Unit of Biostatistics, Epidemiology and Public Health, Department of Cardiac, Thoracic, Vascular Sciences and Public Health, University of Padova, Padova, Italy.
Division of Pediatric Emergency Medicine, Department of Women's and Children's Health, University of Padova, Padova, Italy.
Med Care Res Rev. 2021 Apr;78(2):138-145. doi: 10.1177/1077558719844123. Epub 2019 Apr 29.

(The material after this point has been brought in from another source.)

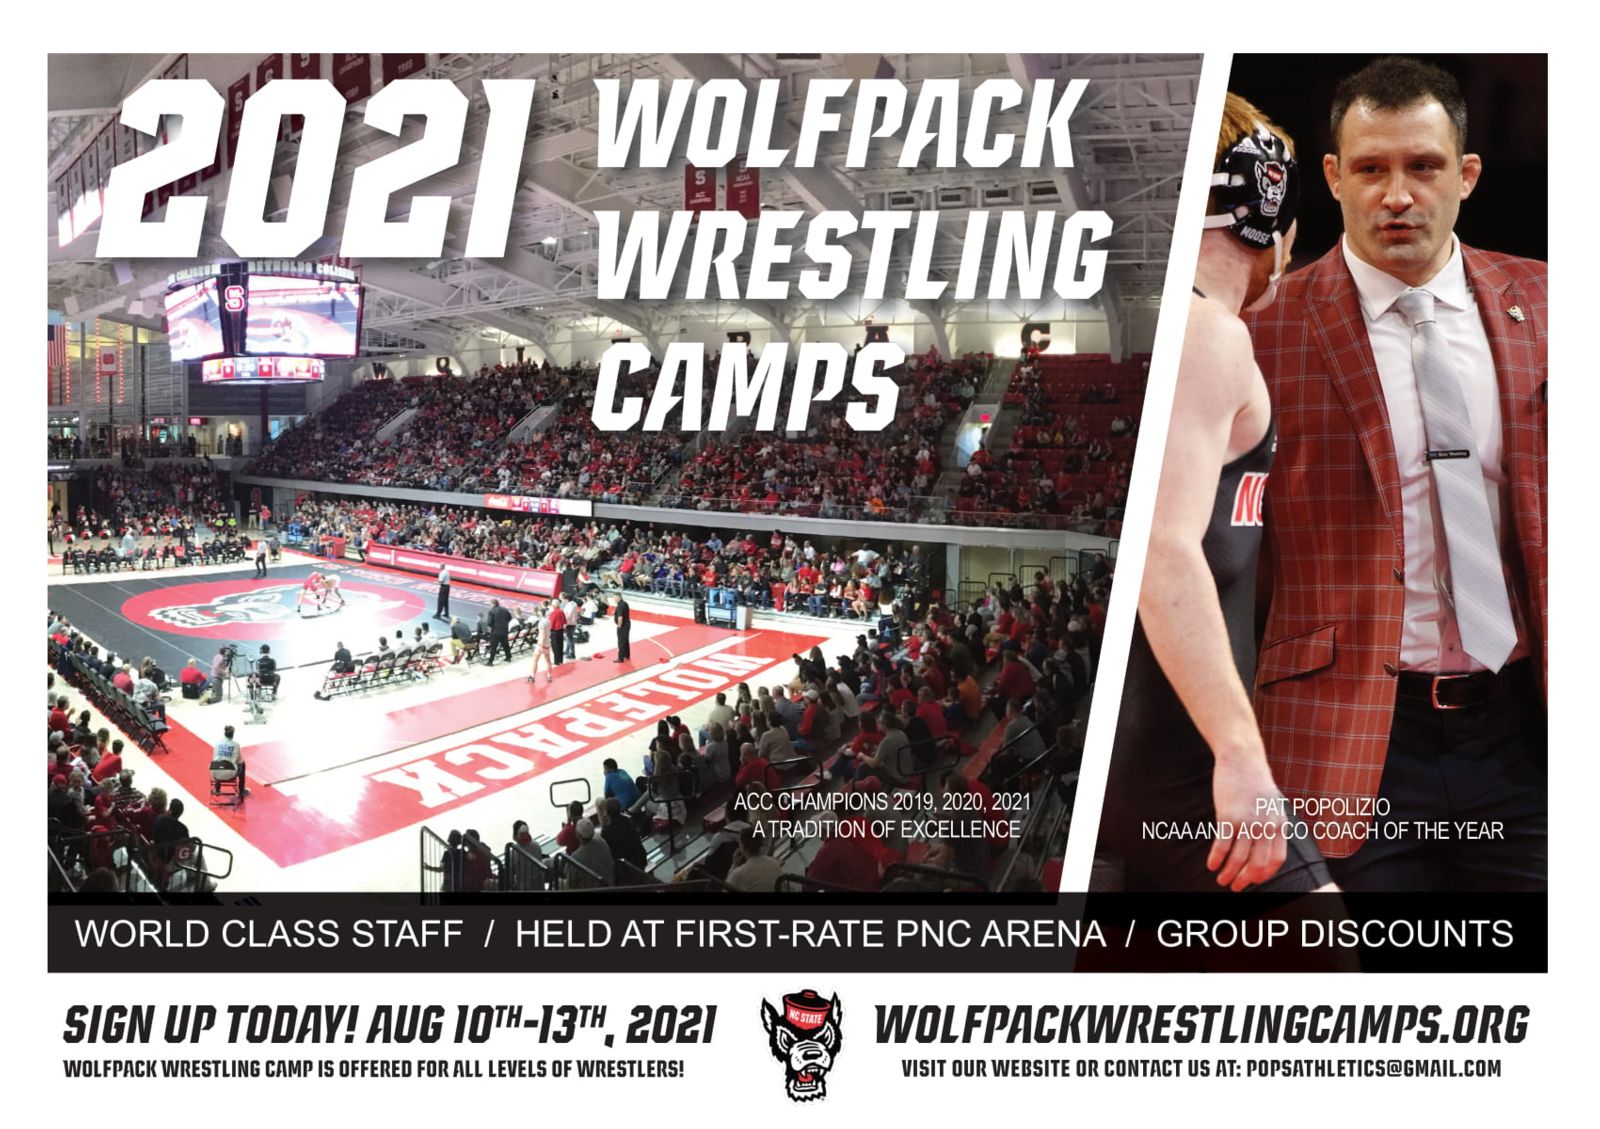 Wolfpack Wrestling Camps powered by Oasys Sports

Free-text information is still widely used in emergency department (ED) records. Machine learning techniques are useful for analyzing narratives, but they have been used mostly for English-language data sets. Considering such a framework, the performance of an ML classification task of a Spanish-language ED visits database was tested. ED visits collected in the EDs of nine hospitals in Nicaragua were analyzed. Spanish-language, free-text discharge diagnoses were considered in the analysis. Five-hundred random forests were trained on a set of bootstrap samples of the whole data set (1,789 ED visits) to perform the classification task. For each one, after having identified optimal parameter value, the final validated model was trained on the whole bootstrapped data set and tested. The classification accuracies had a median of 0.783 (95% CI [0.779, 0.796]). Machine learning techniques seemed to be a promising opportunity for the exploitation of unstructured information reported in ED records in low- and middle-income Spanish-speaking countries.

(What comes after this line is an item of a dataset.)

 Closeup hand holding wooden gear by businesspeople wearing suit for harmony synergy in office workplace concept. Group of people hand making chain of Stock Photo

自由文本信息在急诊科 (ED) 记录中仍被广泛使用。机器学习技术可用于分析叙述,但它们主要用于英语数据集。考虑到这样的框架,测试了西班牙语 ED 就诊数据库的 ML 分类任务的性能。分析了在尼加拉瓜九家医院的急诊科收集的 ED 就诊数据。在分析中考虑了西班牙语的自由文本出院诊断。在整个数据集(1789 次 ED 就诊)的一组自举样本上训练了 500 个随机森林来执行分类任务。对于每个样本,在确定了最佳参数值后,最终的验证模型在整个自举数据集中进行训练和测试。分类准确性的中位数为 0.783(95%CI[0.779,0.796])。机器学习技术似乎为利用中低收入西班牙语国家的 ED 记录中报告的非结构化信息提供了一个有前途的机会。